Кое-кто из учителей и мракоборцев прохаживался по залу, но основное их число сидело за длинным преподавательским столом. Взрослые казались вполне расслабленными и добродушными, ибо ничего сверхординарного не происходило, и все ученики вели себя в рамках дозволенного. Из известных мне нарушений была лишь попытка старшекурсников из Гриффиндора проникнуть на праздник в костюмах вампиров, оборотней, привидений и скелетов. На первый взгляд это было опрометчиво и характеризовало этих ребят как несерьезных и упрямых глупцов.
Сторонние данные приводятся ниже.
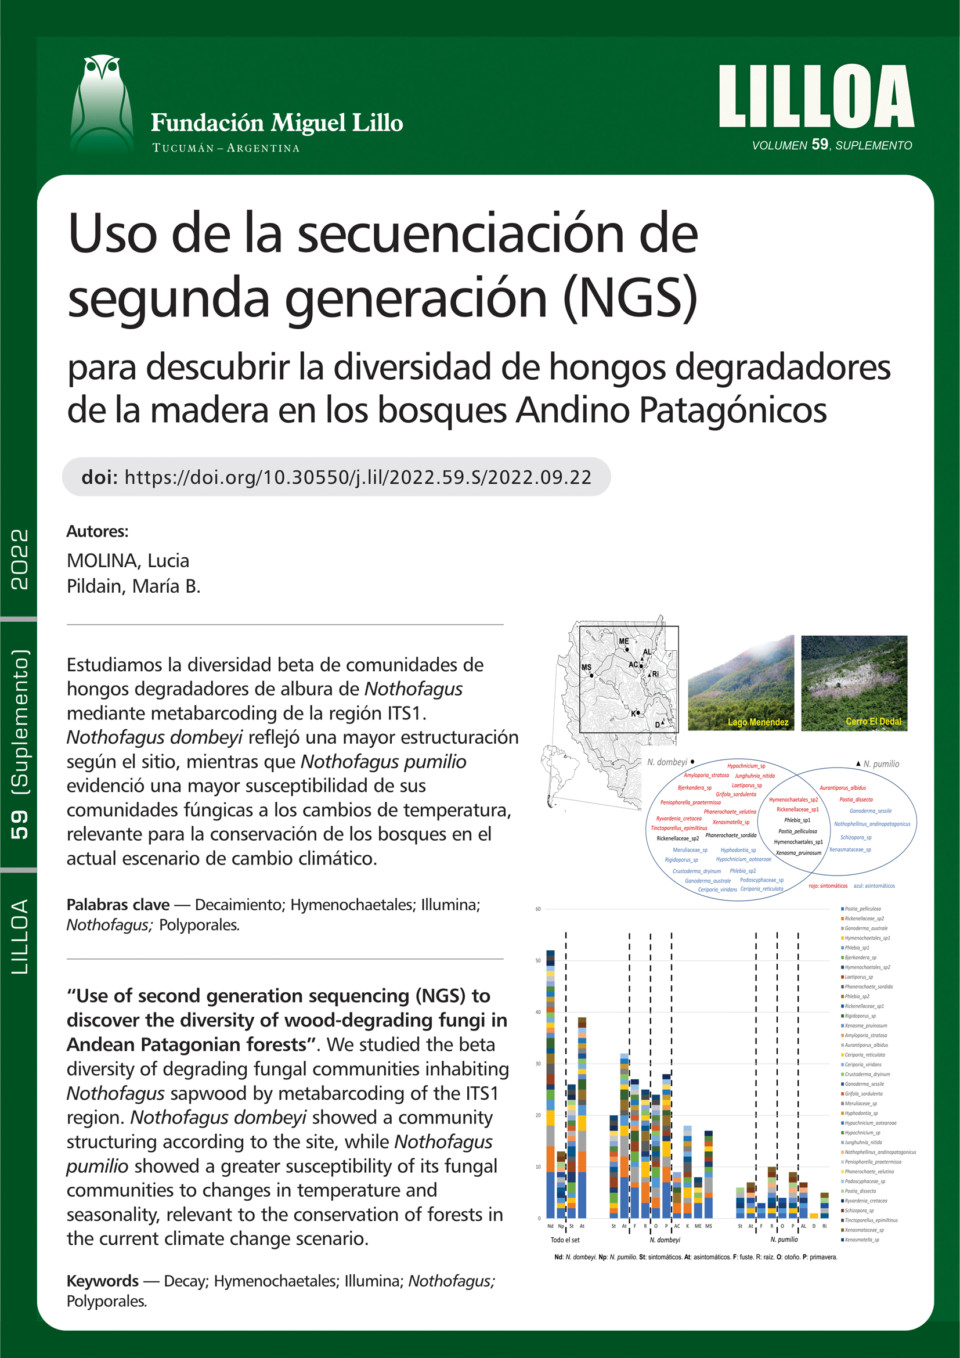 Uso de la secuenciación de segunda generación (NGS) para descubrir la diversidad de hongos degradadores de la madera en los bosques Andino Patagónicos

На что они надеялись, если в дверях стоял Филч, и проскочить внутрь, будучи в образе какого-нибудь монстра, было нереально? Но с другой стороны, гриффиндорская напористость и жажда приключений восхищали меня. Это же надо – пробовать даже тогда, когда нет никаких шансов на успех!
Я различала в толпе Сьюзен и Захарию Смита, облаченных в перламутрово-розовую и фиолетовую с блестками мантии соответственно. Весь вечер они проводили в обнимку, словно прилипнув друг к другу. И даже мантии их причудливо сочетались по цвету, как если бы Сьюзен сама выбрала Смиту одежду, дабы на балу их пара достигла совместной гармонии оттенков.
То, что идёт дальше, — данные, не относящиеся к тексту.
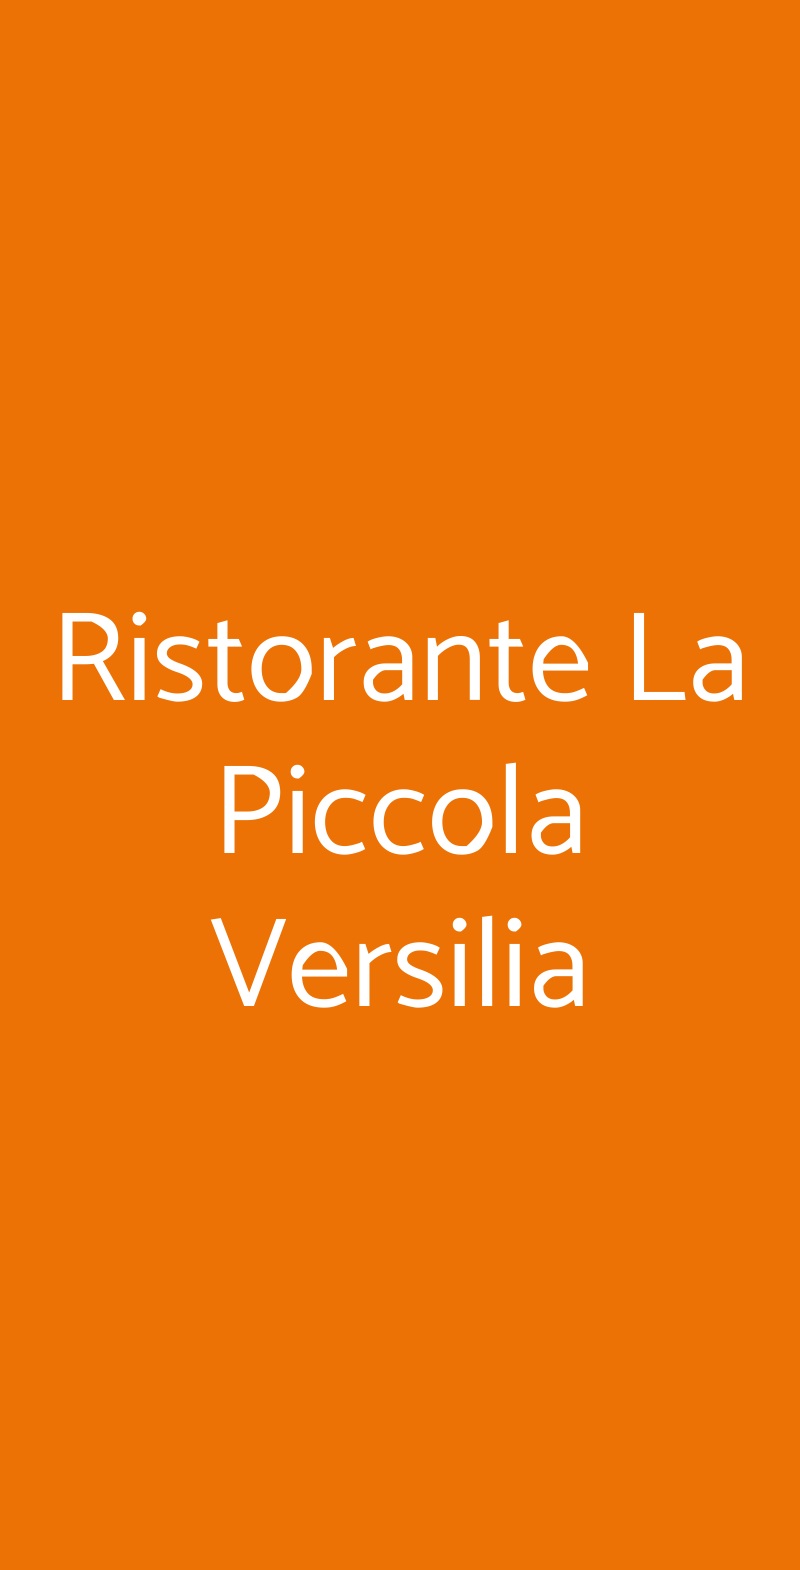 Ristorante La Piccola Versilia Milano menù 1 pagina

Несколько раз мне на глаза попадался и мой сводный брат Марти, несуразно дергающийся и машущий своими тонкими руками. Видимо, он мнил, что чувствует ритм как никто, а поэтому ни капли не стеснялся... самовыражаться в танце.
А ещё где-то тут, скорее всего, был
Теодор Нотт...
– Ханна, – дернув меня за рукав, медленно позвал Эрни. Я оглянулась на него. Он внимательно всматривался в дальний угол, туда, где у одного из столиков столпилась компания парней-старшеклассников. – Не уверен, не почудилось ли мне, но по-моему, они наливали себе из бутылки. Думаю, что они каким-то образом протащили сюда алкоголь.
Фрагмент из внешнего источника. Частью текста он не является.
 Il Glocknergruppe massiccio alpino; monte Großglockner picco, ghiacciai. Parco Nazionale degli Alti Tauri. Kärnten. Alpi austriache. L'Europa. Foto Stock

Я прищурилась, пригляделась и моментально встревожилась. Это были шестикурсники из... Слизерина.
– Это слизеринцы. И с ними Малфой. А он староста, и вряд ли разрешил бы...
– Да брось. Конечно разрешил бы. Он с ними заодно. Он – их прикрытие, – занудно отчеканил Эрни.
– И что ты предлагаешь? Пойти и отчитать их? – скептически поинтересовалась я.
Хочешь, сам иди. Не хватало мне ещё встретить там Нотта.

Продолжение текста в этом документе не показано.